For AI agents, this means building chat interfaces, form assistants, or document analyzers that work without any backend — the model runs in the browser tab alongside your JavaScript application.
The WASM AI Stack
The typical stack for browser AI consists of three layers:
- Model format: ONNX, TFLite, or custom binary weights
- Runtime: ONNX Runtime Web (WASM backend), TFLite WASM, or custom C++ compiled to WASM
- JavaScript API: A thin wrapper that loads the WASM module and exposes inference functions
Loading ONNX Runtime Web
The fastest path to browser AI is ONNX Runtime Web, which provides both WASM and WebGL backends:
// Install: npm install onnxruntime-web
import * as ort from "onnxruntime-web";
// Configure WASM backend
ort.env.wasm.numThreads = navigator.hardwareConcurrency || 4;
ort.env.wasm.simd = true;
async function loadAgentModel() {
const session = await ort.InferenceSession.create(
"/models/intent_classifier.onnx",
{
executionProviders: ["wasm"],
graphOptimizationLevel: "all",
}
);
return session;
}
async function classifyIntent(session, tokenIds) {
const inputTensor = new ort.Tensor(
"int64",
BigInt64Array.from(tokenIds.map(BigInt)),
[1, tokenIds.length]
);
const attentionMask = new ort.Tensor(
"int64",
BigInt64Array.from(tokenIds.map(() => BigInt(1))),
[1, tokenIds.length]
);
const results = await session.run({
input_ids: inputTensor,
attention_mask: attentionMask,
});
const logits = results.logits.data;
return softmax(Array.from(logits));
}
function softmax(arr) {
const max = Math.max(...arr);
const exps = arr.map((x) => Math.exp(x - max));
const sum = exps.reduce((a, b) => a + b, 0);
return exps.map((e) => e / sum);
}
Model Loading Strategies
Browser models can be large. A quantized DistilBERT is about 64 MB. Here are strategies to handle loading:
See AI Voice Agents Handle Real Calls
Book a free demo or calculate how much you can save with AI voice automation.
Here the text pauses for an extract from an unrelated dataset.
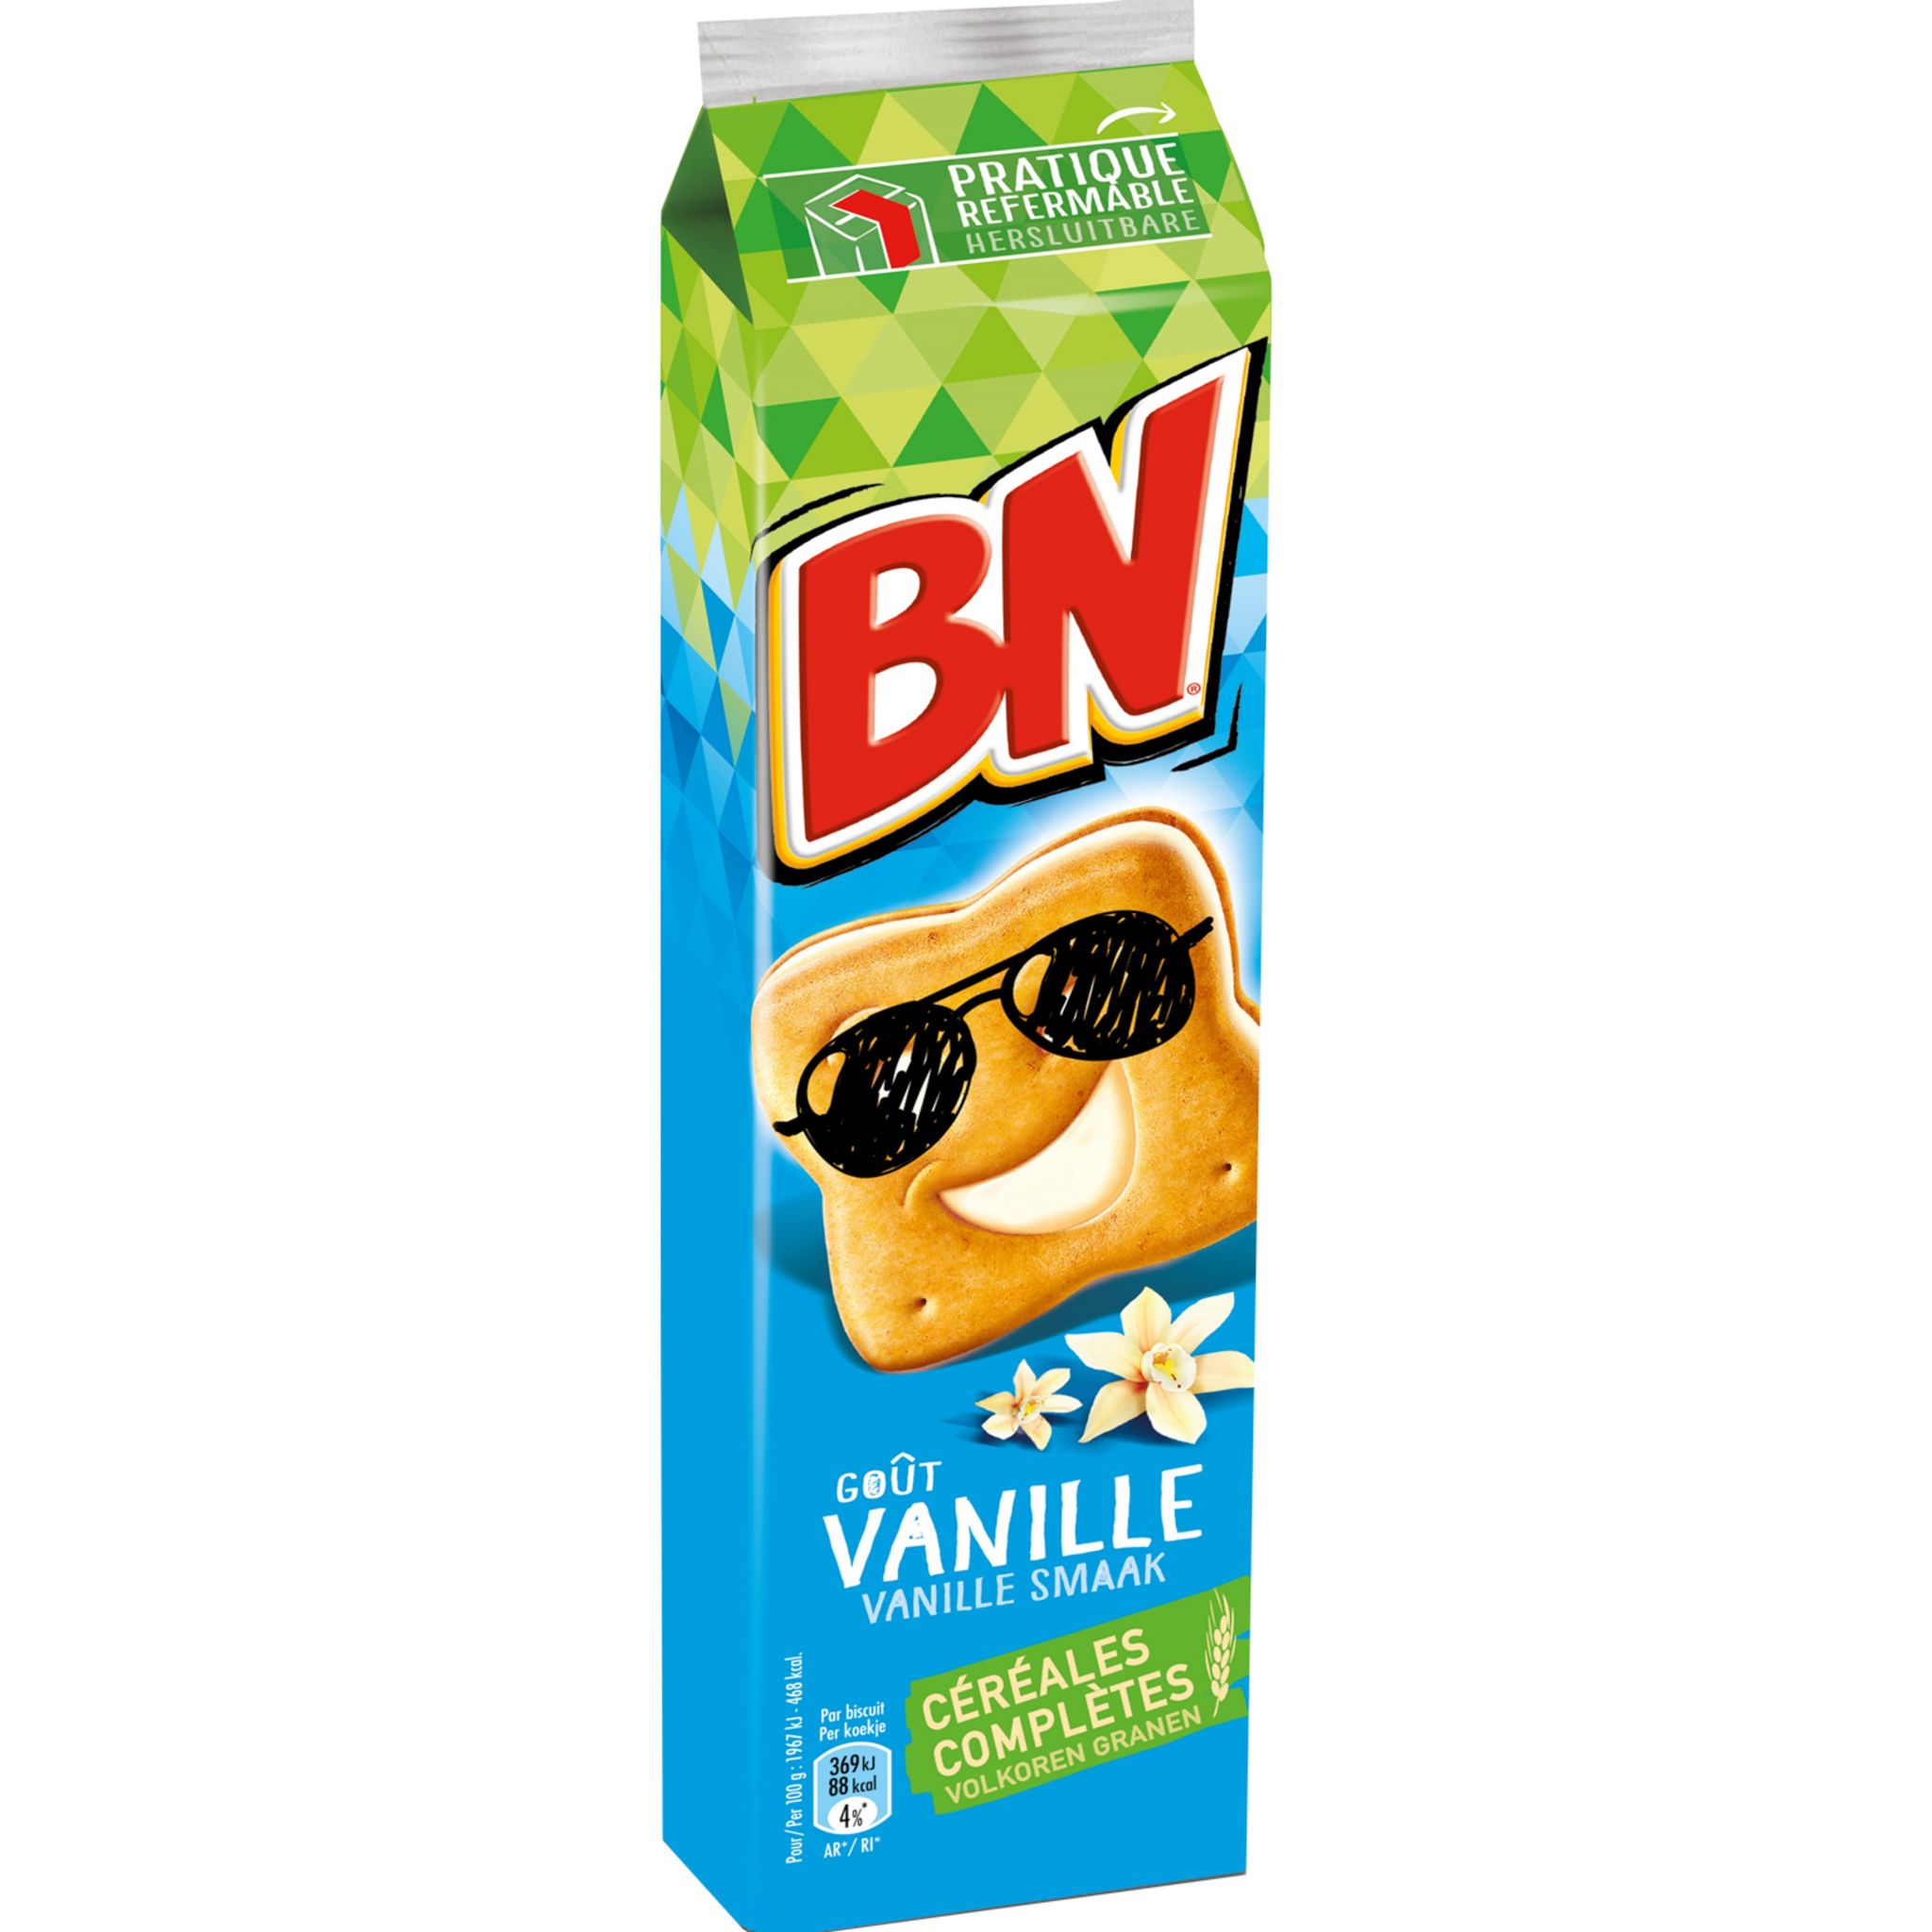 BN Biscuits fourrés goût vanille aux céréales complètes 16

Lazy Loading with Progress
class BrowserAgent {
constructor() {
this.session = null;
this.loading = false;
}
async ensureModel(onProgress) {
if (this.session) return;
if (this.loading) return;
this.loading = true;
try {
// Check cache first
const cache = await caches.open("agent-models-v1");
const cached = await cache.match("/models/agent.onnx");
if (!cached) {
// Download with progress tracking
const response = await fetch("/models/agent.onnx");
const reader = response.body.getReader();
const contentLength = +response.headers.get("Content-Length");
let received = 0;
const chunks = [];
while (true) {
const { done, value } = await reader.read();
if (done) break;
chunks.push(value);
received += value.length;
onProgress?.(received / contentLength);
}
const blob = new Blob(chunks);
await cache.put("/models/agent.onnx", new Response(blob));
}
const modelResponse = await cache.match("/models/agent.onnx");
const buffer = await modelResponse.arrayBuffer();
this.session = await ort.InferenceSession.create(buffer, {
executionProviders: ["wasm"],
});
} finally {
this.loading = false;
}
}
}
Web Worker Isolation
Run inference in a Web Worker to keep the main thread responsive:
// agent-worker.js
import * as ort from "onnxruntime-web";
let session = null;
self.onmessage = async (event) => {
const { type, payload } = event.data;
if (type === "load") {
session = await ort.InferenceSession.create(payload.modelBuffer, {
executionProviders: ["wasm"],
});
self.postMessage({ type: "ready" });
}
if (type === "infer") {
const input = new ort.Tensor("int64",
BigInt64Array.from(payload.tokens.map(BigInt)),
[1, payload.tokens.length]
);
const results = await session.run({ input_ids: input });
self.postMessage({ type: "result", data: Array.from(results.logits.data) });
}
};
Browser Constraints
Running AI in the browser comes with hard limits:
- Memory: Browsers typically cap WASM memory at 2 to 4 GB. Models larger than about 1 GB become impractical.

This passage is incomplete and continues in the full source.